ENTRIES PROVIDED:
----------

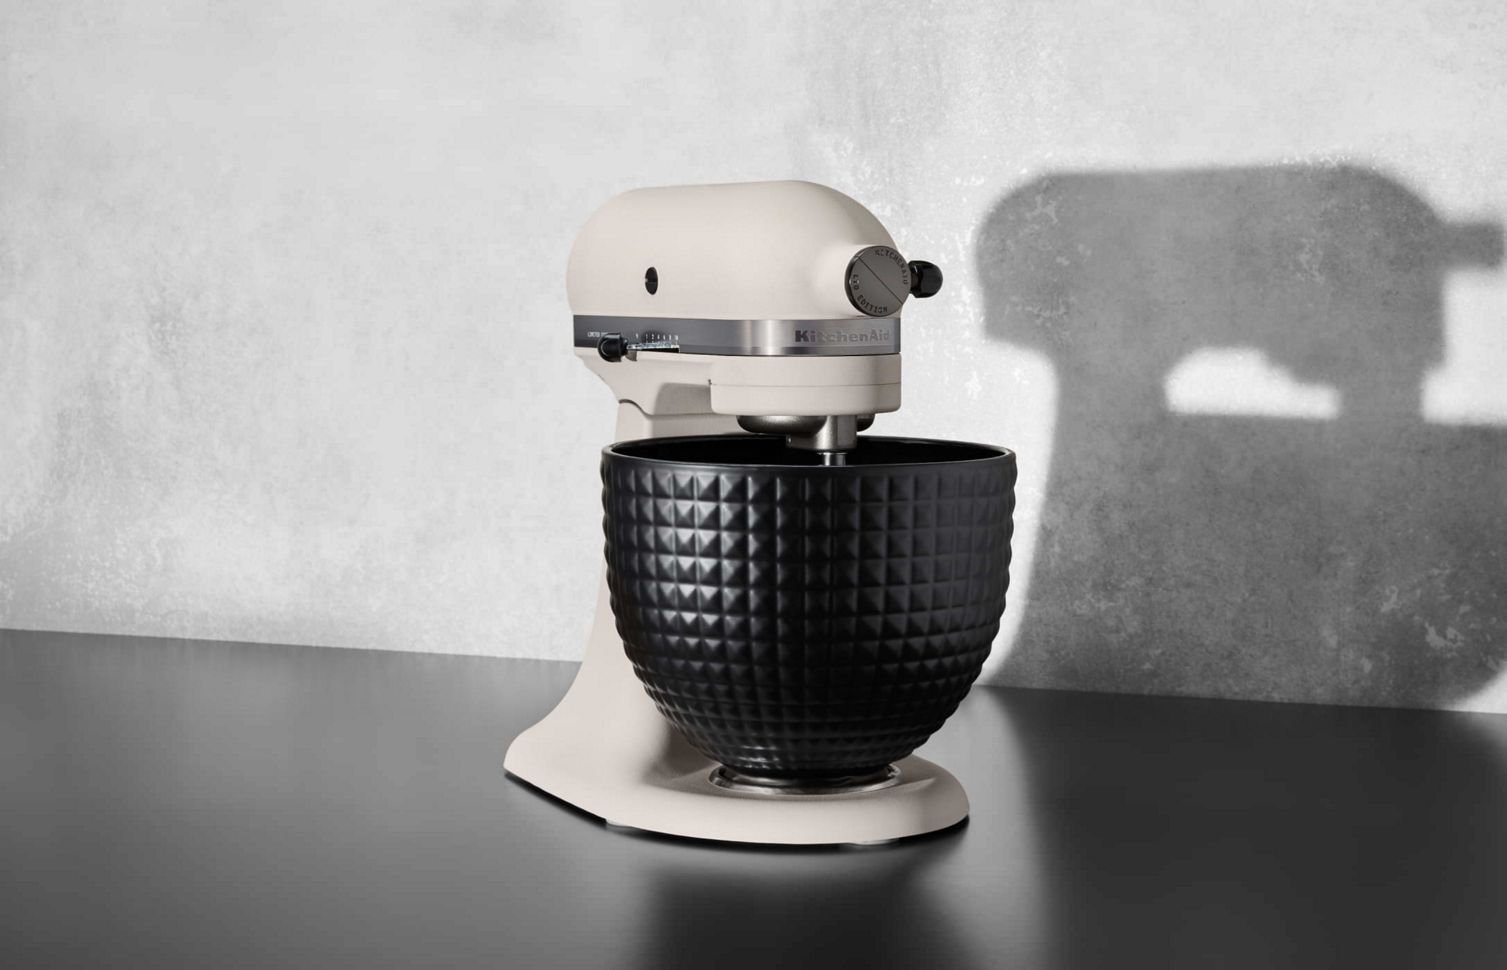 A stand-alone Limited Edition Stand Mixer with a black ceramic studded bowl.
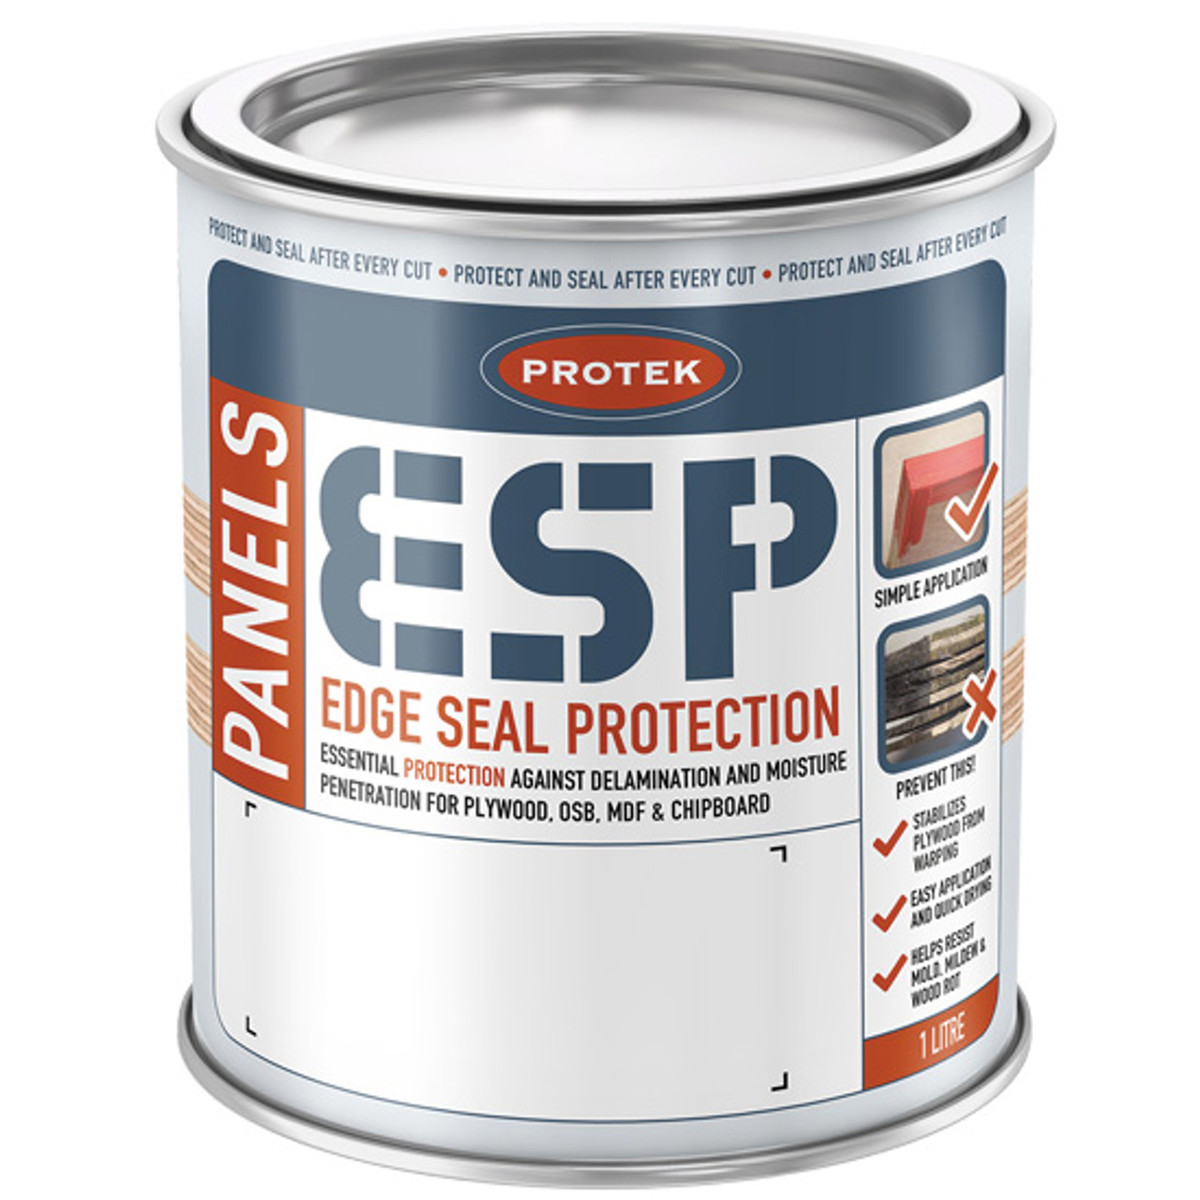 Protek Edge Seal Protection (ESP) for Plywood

----------

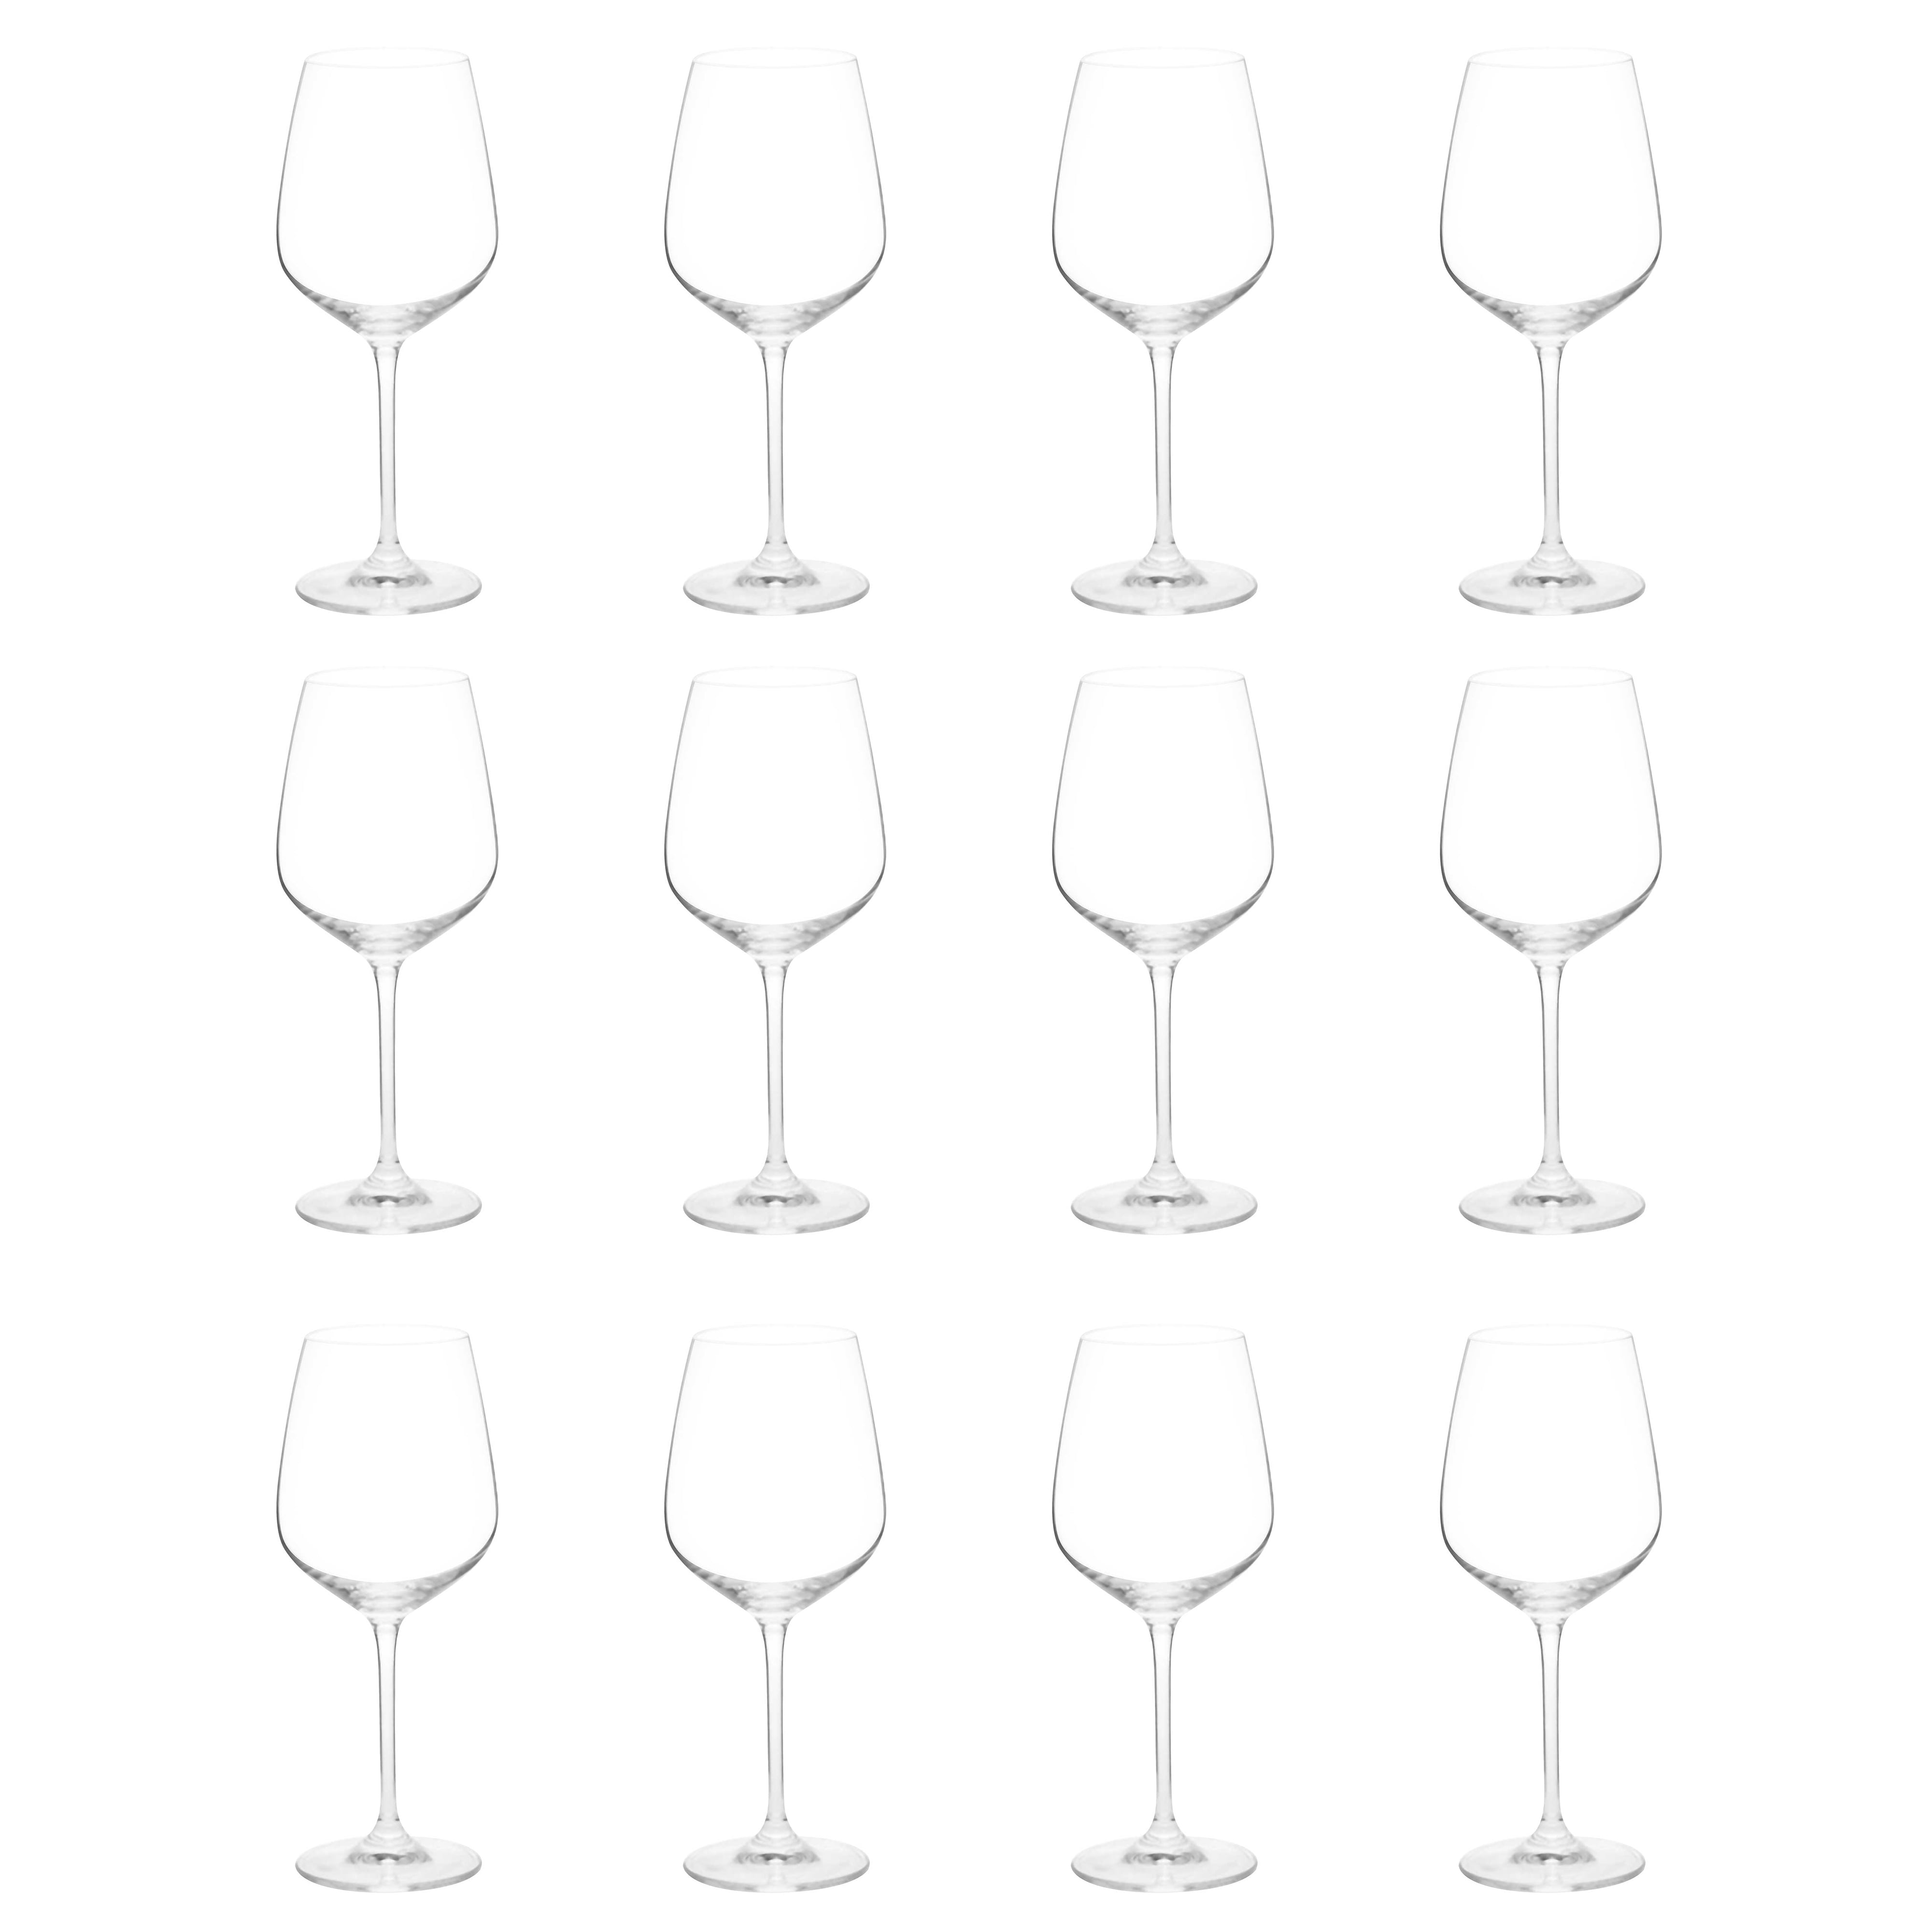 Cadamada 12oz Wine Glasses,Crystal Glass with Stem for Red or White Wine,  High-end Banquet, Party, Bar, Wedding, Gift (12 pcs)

----------

PROMPT: Return the stretch of data that begins with the line showing "A stand-alone Limited" and goes on through the line showing "Protek Edge Seal", exactly, with pictures removed.

ANSWER BOX:
 A stand-alone Limited Edition Stand Mixer with a black ceramic studded bowl.
 Protek Edge Seal Protection (ESP) for Plywood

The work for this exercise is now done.